» **Task prompt**
Your reply should reproduce each line below exactly and carry none of the pictures.

» **Recorded data**

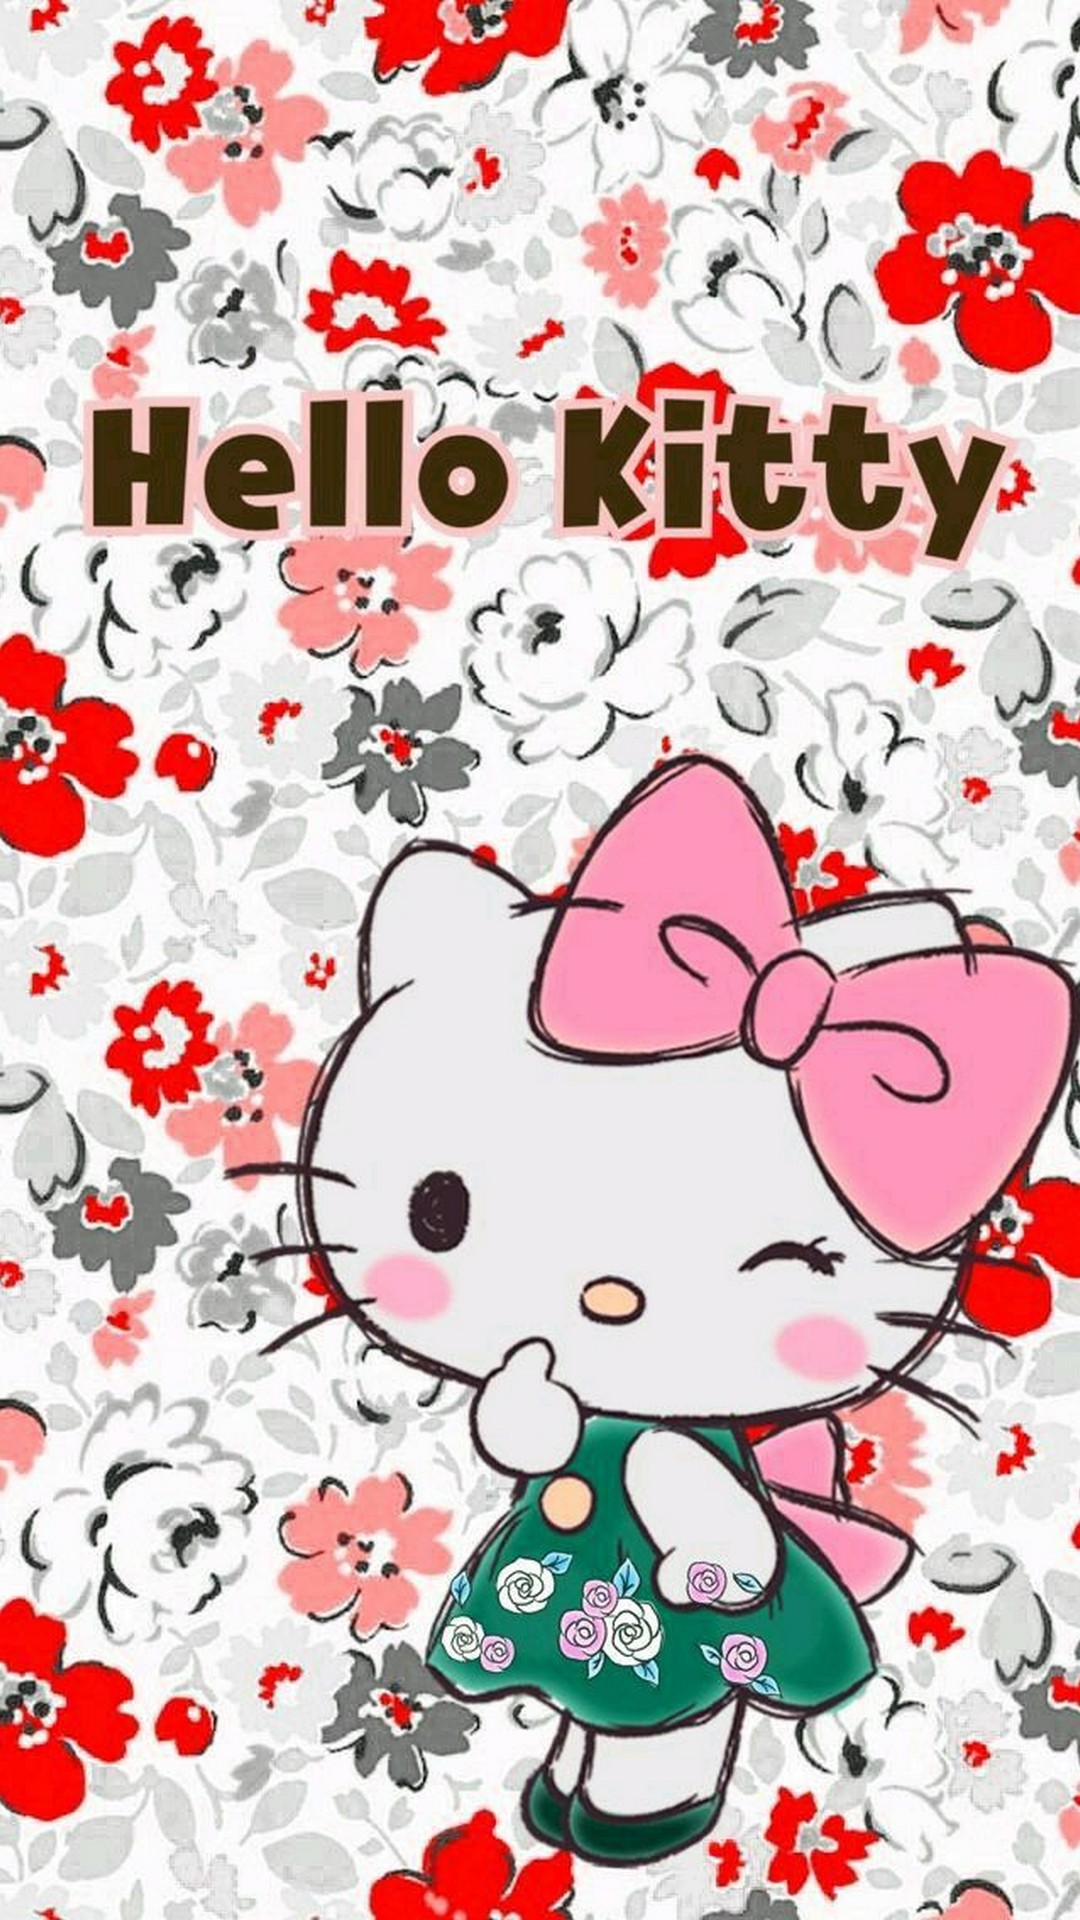 Hello Kitty Characters Wallpaper Android with image resolution 1080x1920 pixel. You can make this wallpaper for your Android backgrounds, Tablet, Smartphones Screensavers and Mobile Phone Lock Screen
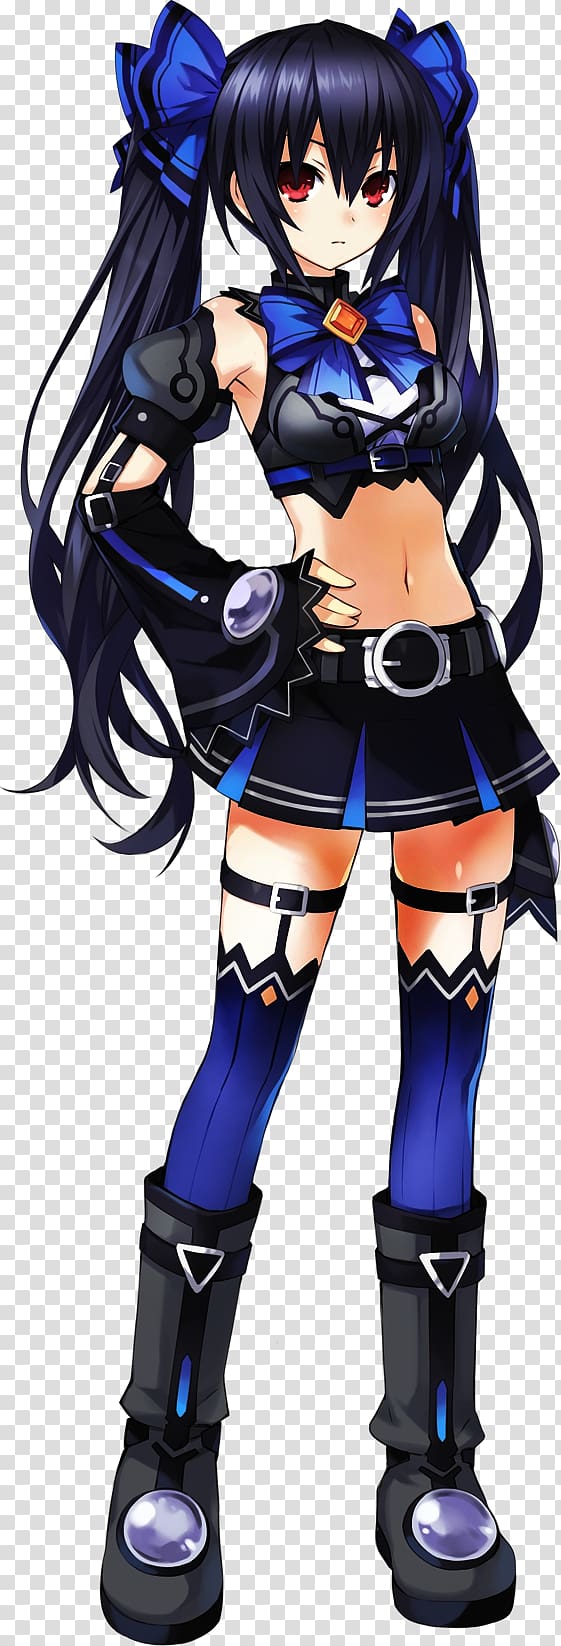 Hyperdimension Neptunia Victory Hyperdevotion Noire: Goddess Black Heart Hyperdimension Neptunia: Producing Perfection Cyberdimension Neptunia: 4 Goddesses Online, granny video game transparent background PNG clipart
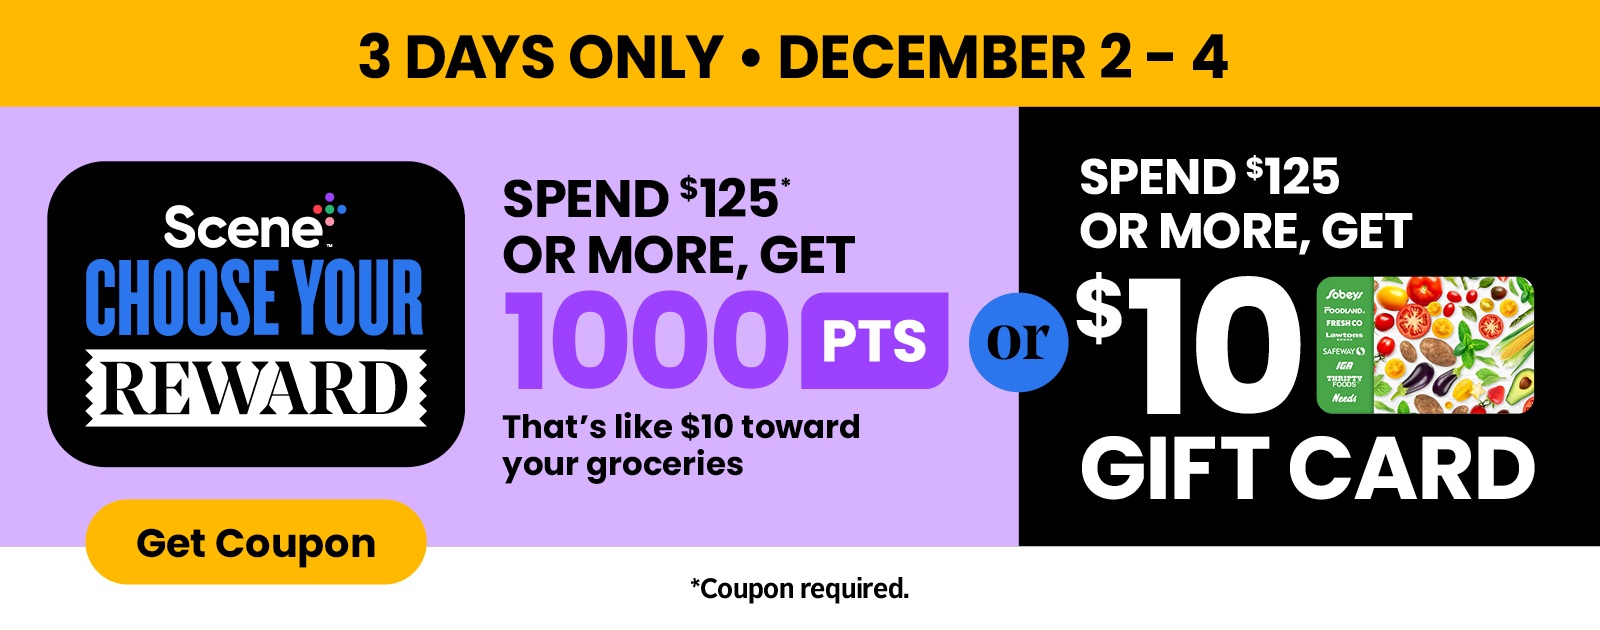 Text Reading '3 days only, from December 2 to December 4. Spend $125 or more and get a $10 toward your groceries or Spend $125 or more and get $10 Gift Card. Coupon required. 'Get coupon' from the button given below.'

» **Task answer**
 Hello Kitty Characters Wallpaper Android with image resolution 1080x1920 pixel. You can make this wallpaper for your Android backgrounds, Tablet, Smartphones Screensavers and Mobile Phone Lock Screen
 Hyperdimension Neptunia Victory Hyperdevotion Noire: Goddess Black Heart Hyperdimension Neptunia: Producing Perfection Cyberdimension Neptunia: 4 Goddesses Online, granny video game transparent background PNG clipart
 Text Reading '3 days only, from December 2 to December 4. Spend $125 or more and get a $10 toward your groceries or Spend $125 or more and get $10 Gift Card. Coupon required. 'Get coupon' from the button given below.'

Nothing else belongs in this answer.